**Work order:** When the line with "Oculus Quest 2 Pictures" appears below, start repeating lines exactly, and keep going through the line with "ZIMBABWE 200000000 DOLLARS"; add nothing outside that span.

**Supplied entries:**
====================

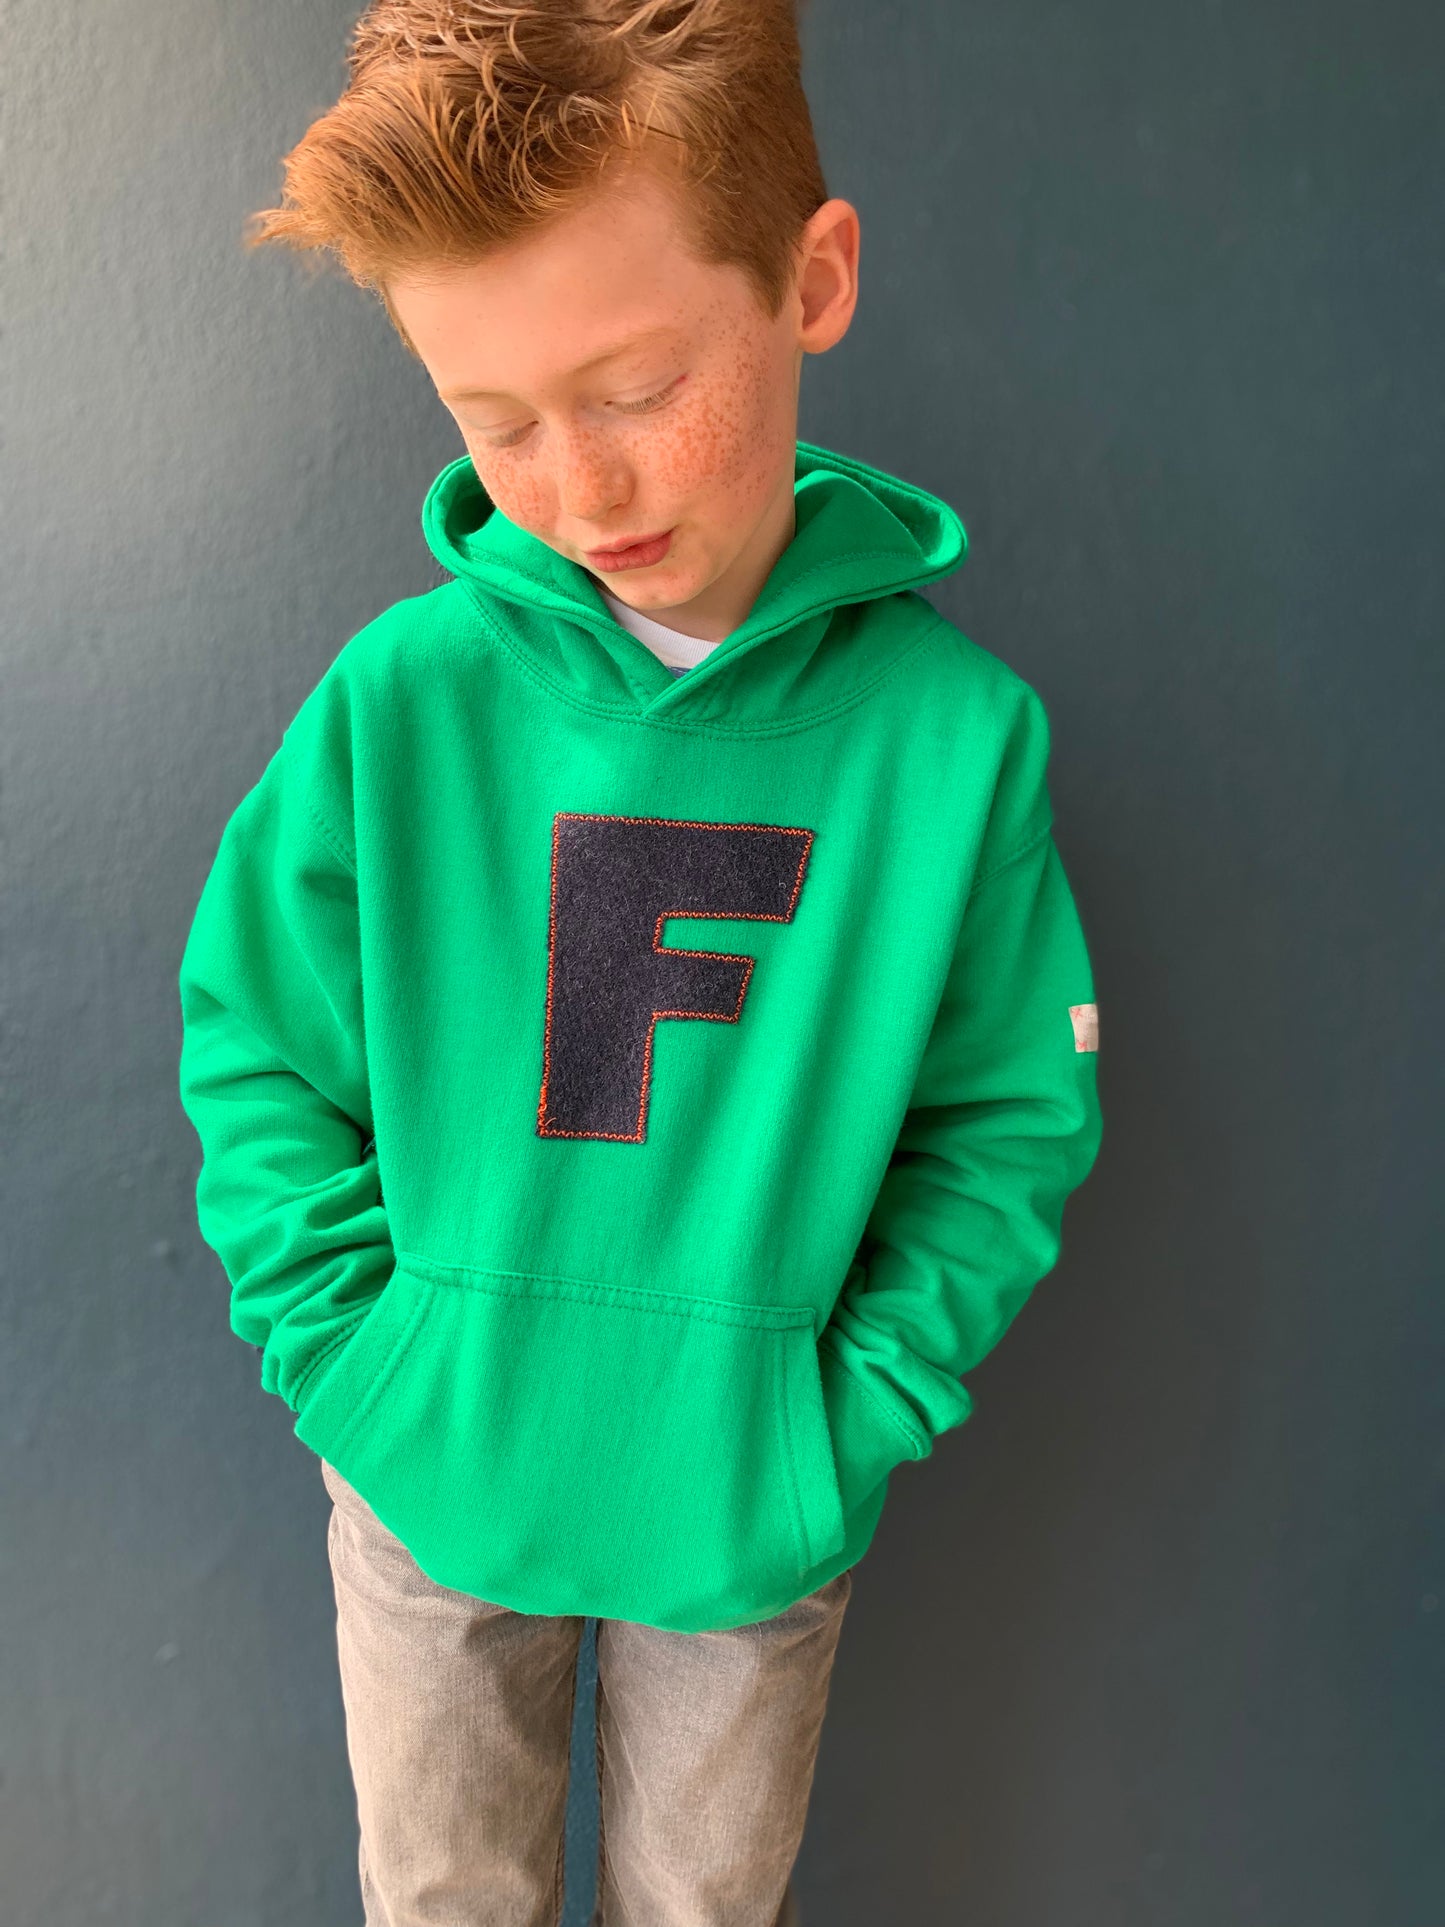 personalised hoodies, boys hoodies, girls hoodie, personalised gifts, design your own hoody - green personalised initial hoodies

====================

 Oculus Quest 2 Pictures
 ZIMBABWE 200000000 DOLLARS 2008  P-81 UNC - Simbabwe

====================

**Problem solution:**
 Oculus Quest 2 Pictures
 ZIMBABWE 200000000 DOLLARS 2008  P-81 UNC - Simbabwe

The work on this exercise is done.